* _Provided data_:
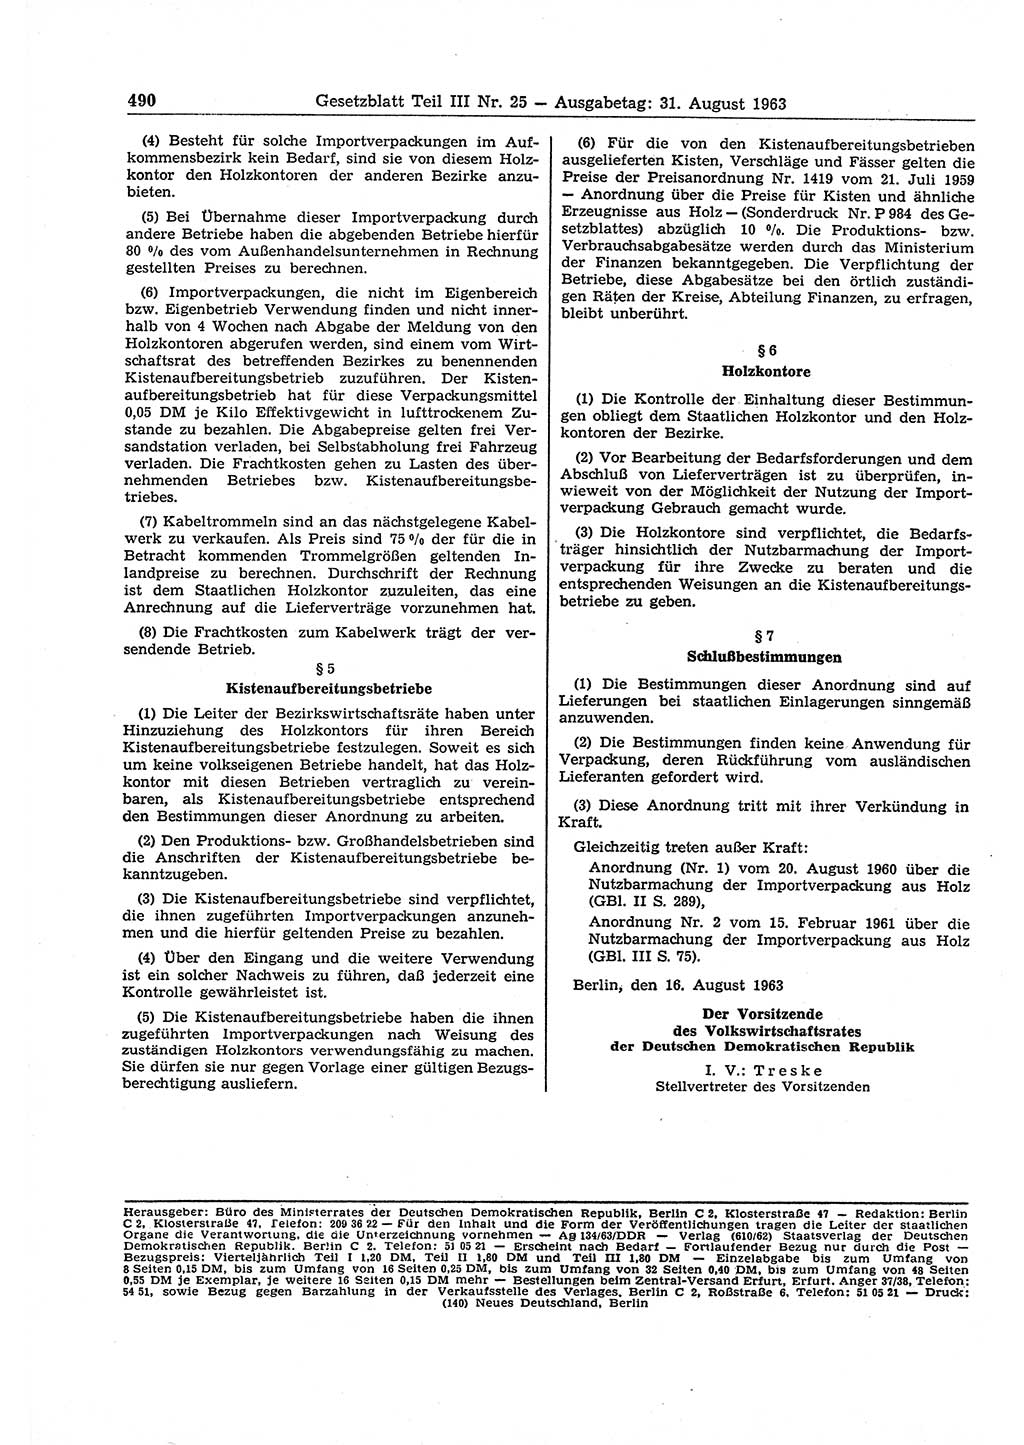 Gesetzblatt (GBl.) der Deutschen Demokratischen Republik (DDR) Teil ⅠⅠⅠ 1963, Seite 490 (GBl. DDR ⅠⅠⅠ 1963, S. 490)
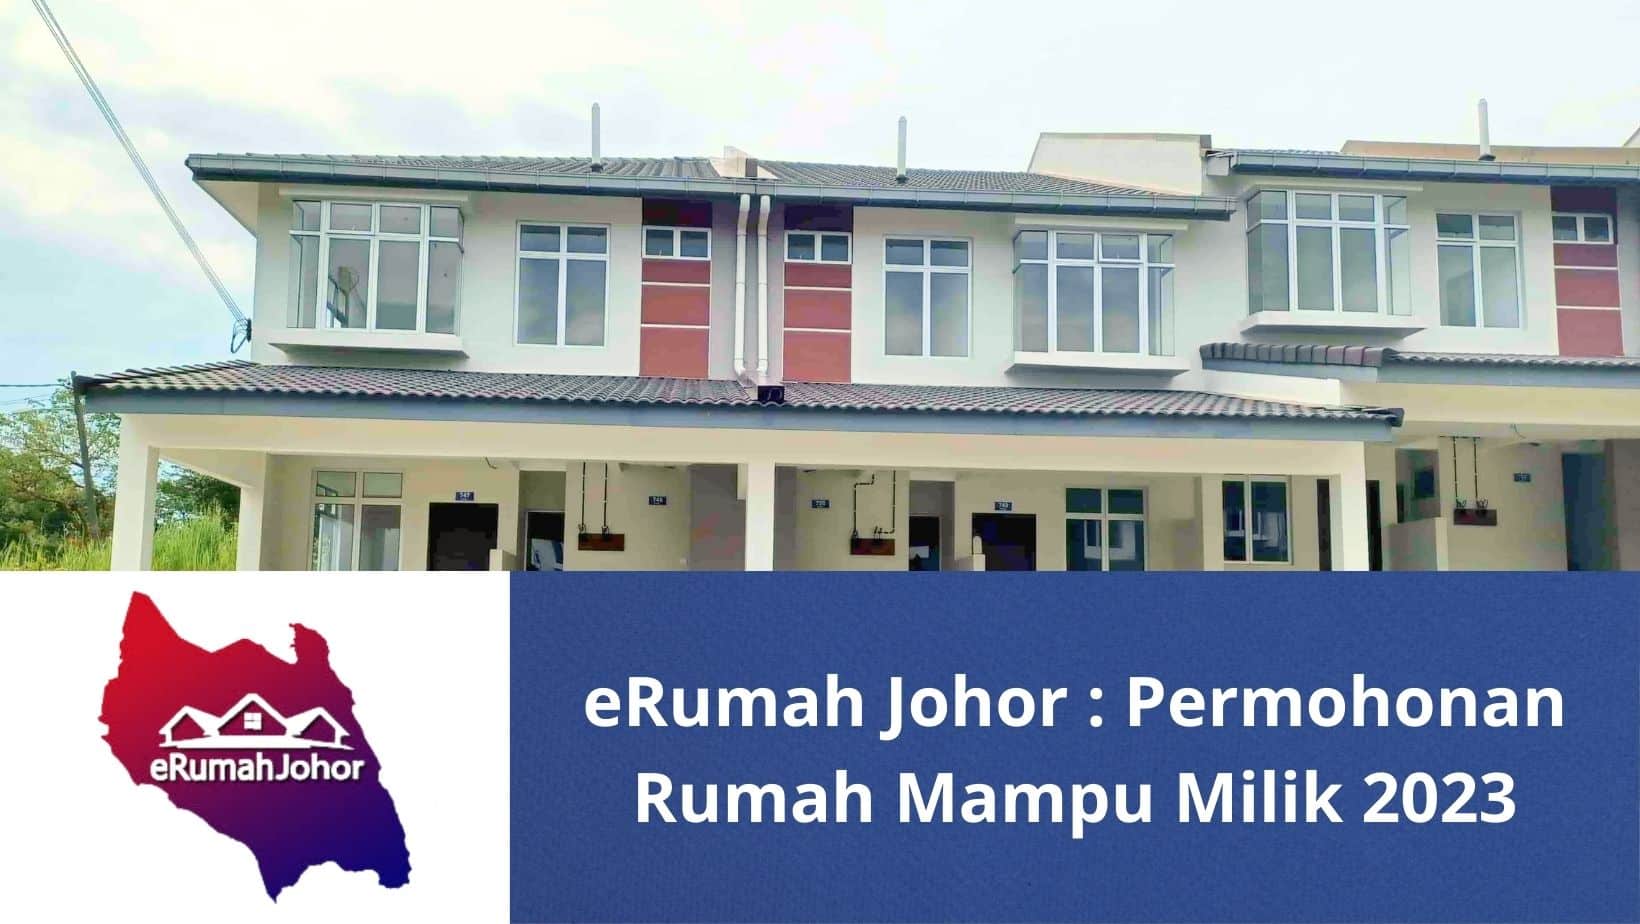 eRumah : Permohonan Rumah Mampu Milik Johor 2023
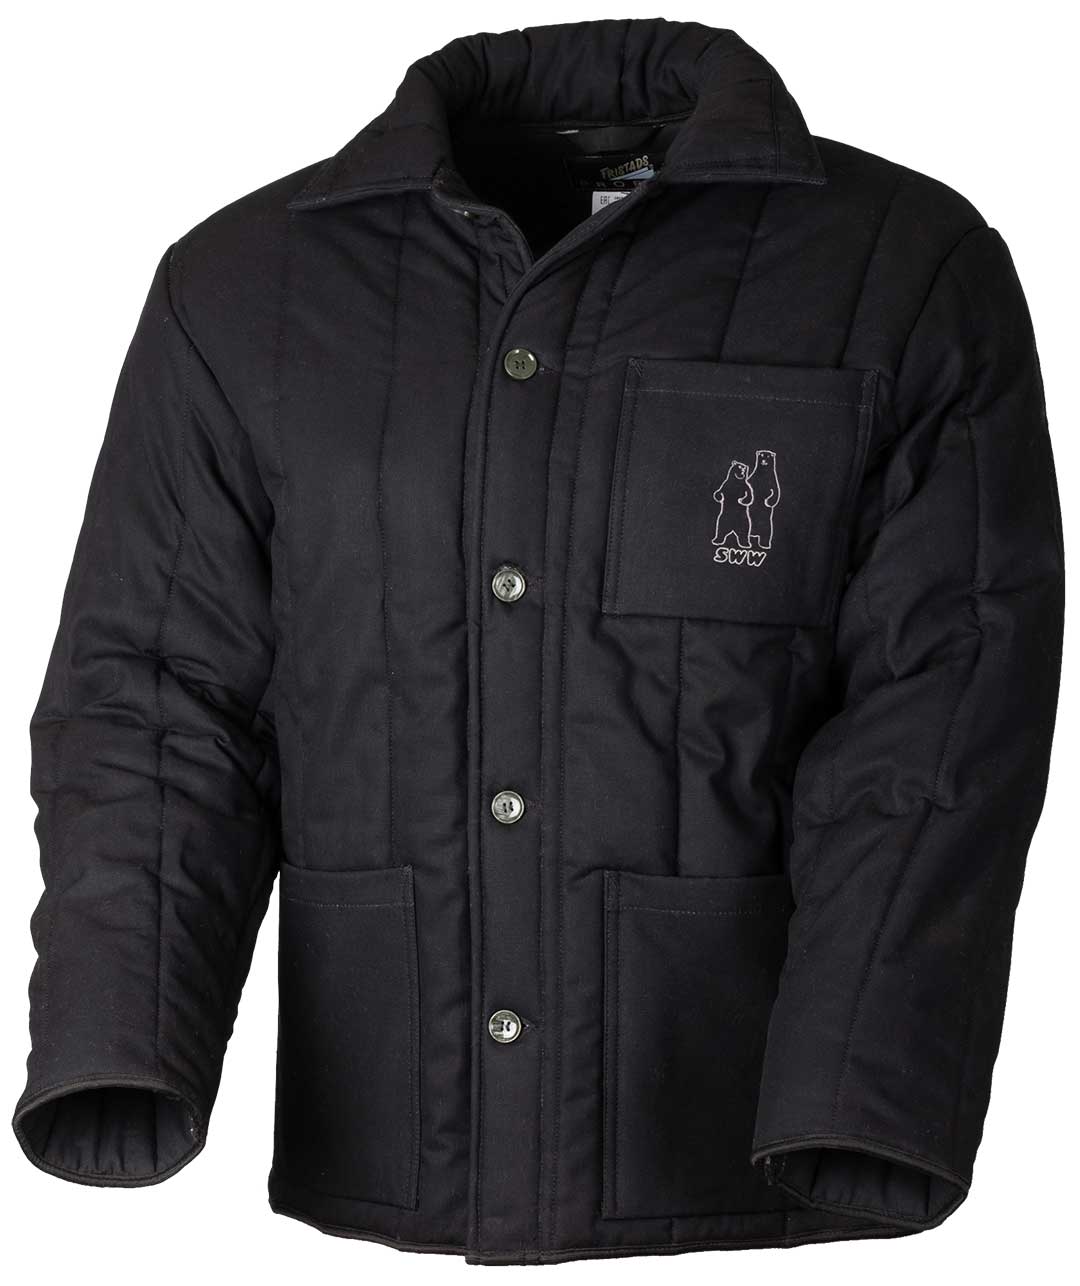 Куртка 633-XB-90 SWW купить оптом и в розницу в интернет-магазине tis-tex.ru — 1
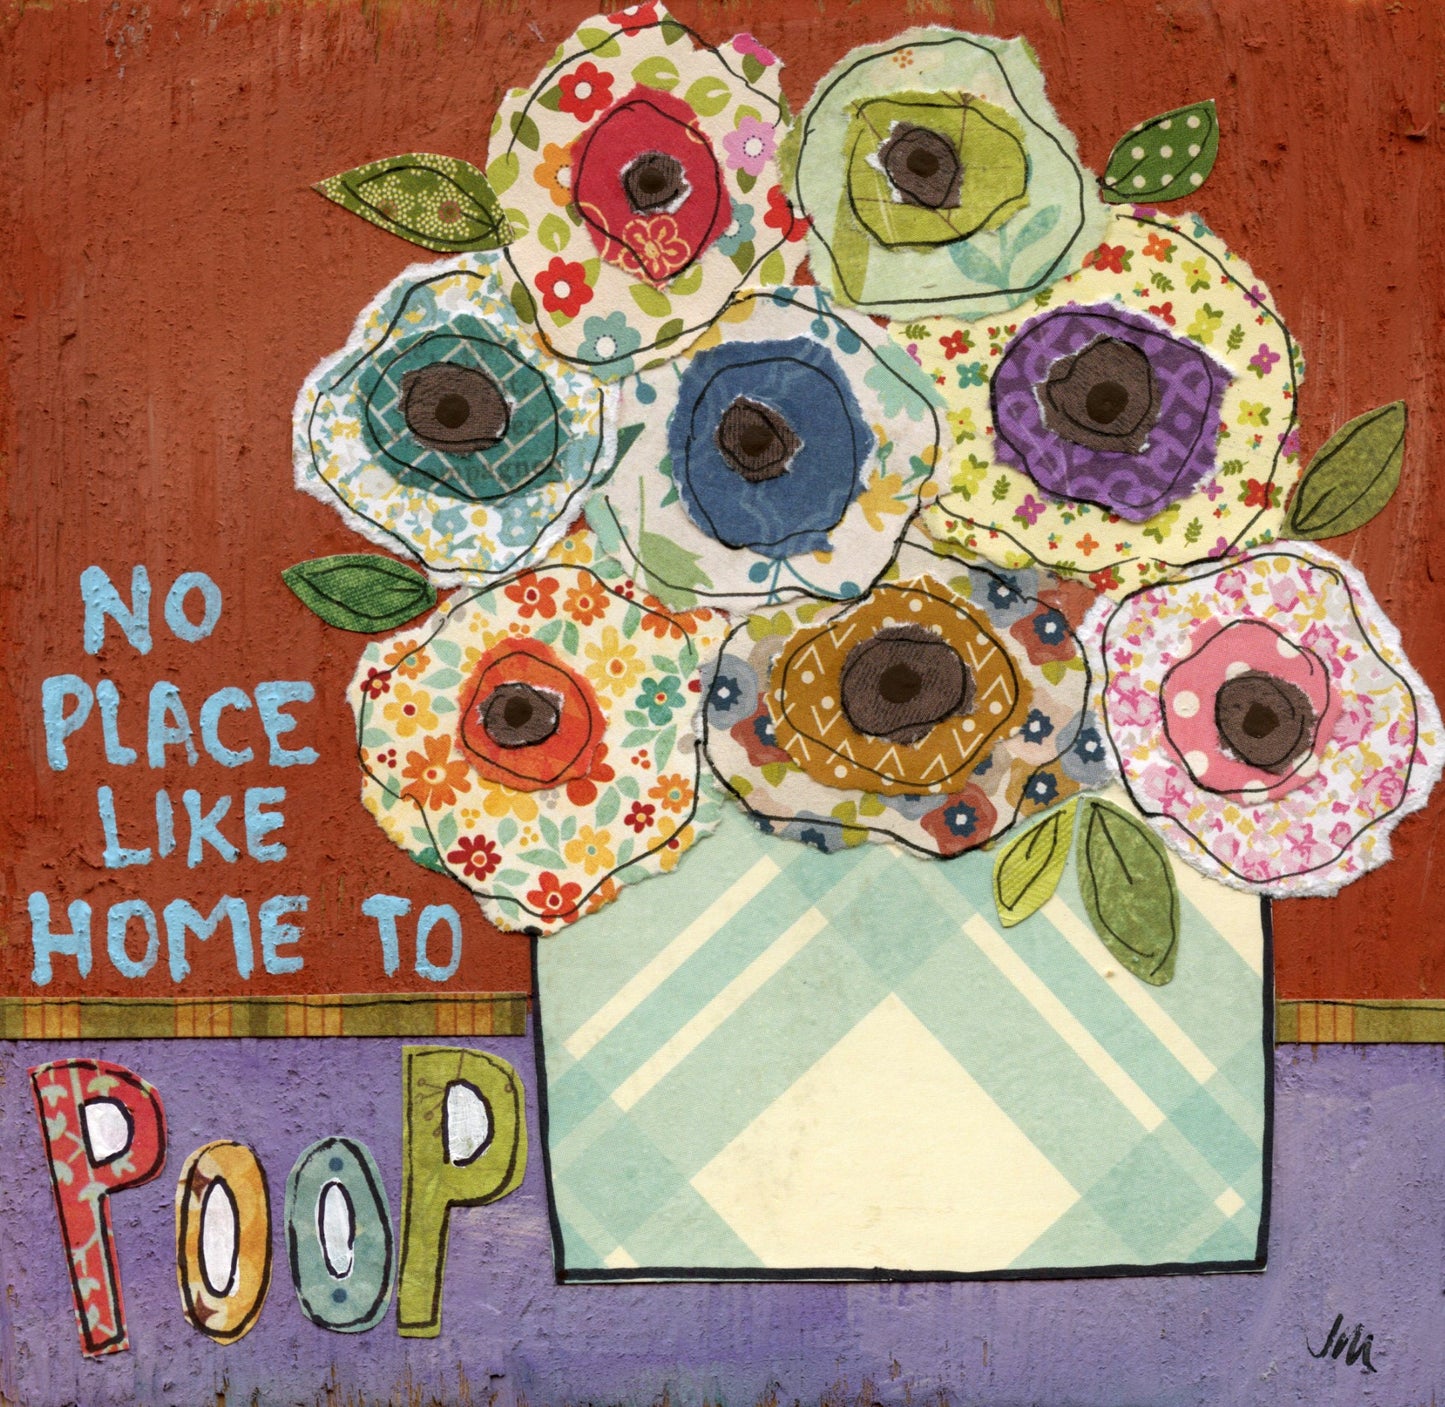 Home to Poop, art print
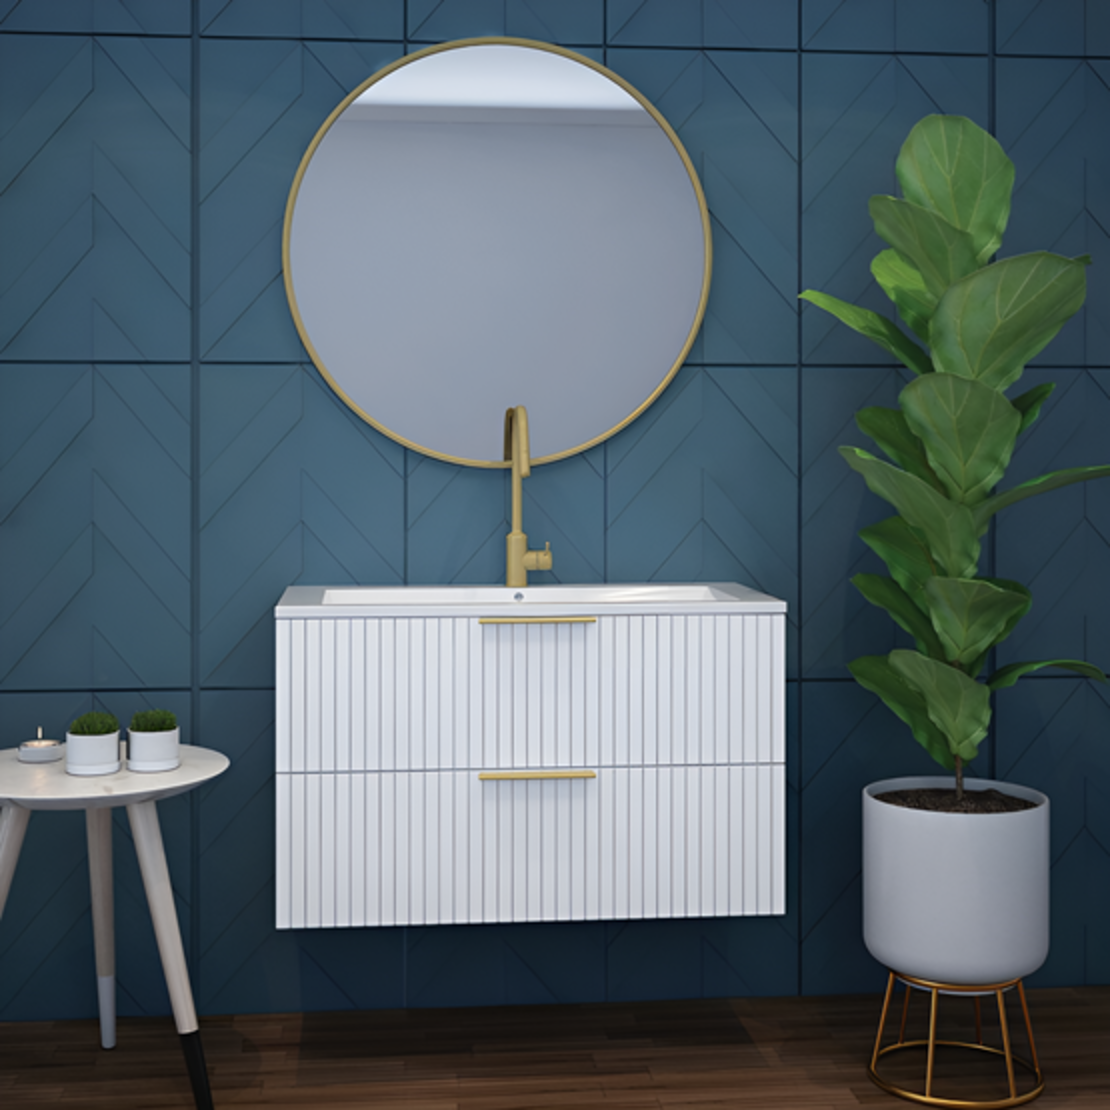 ארון אמבטיה תלוי דגם אסף לבן כולל מראה עגולה

* _What needs to be done_: Take the line containing "Куртка 633-XB-90 SWW" and every line after it to the end of the records, and restate them verbatim, with no pictures.

* _Solved problem_:
 Куртка 633-XB-90 SWW купить оптом и в розницу в интернет-магазине tis-tex.ru — 1
 Home to Poop, art print
 ארון אמבטיה תלוי דגם אסף לבן כולל מראה עגולה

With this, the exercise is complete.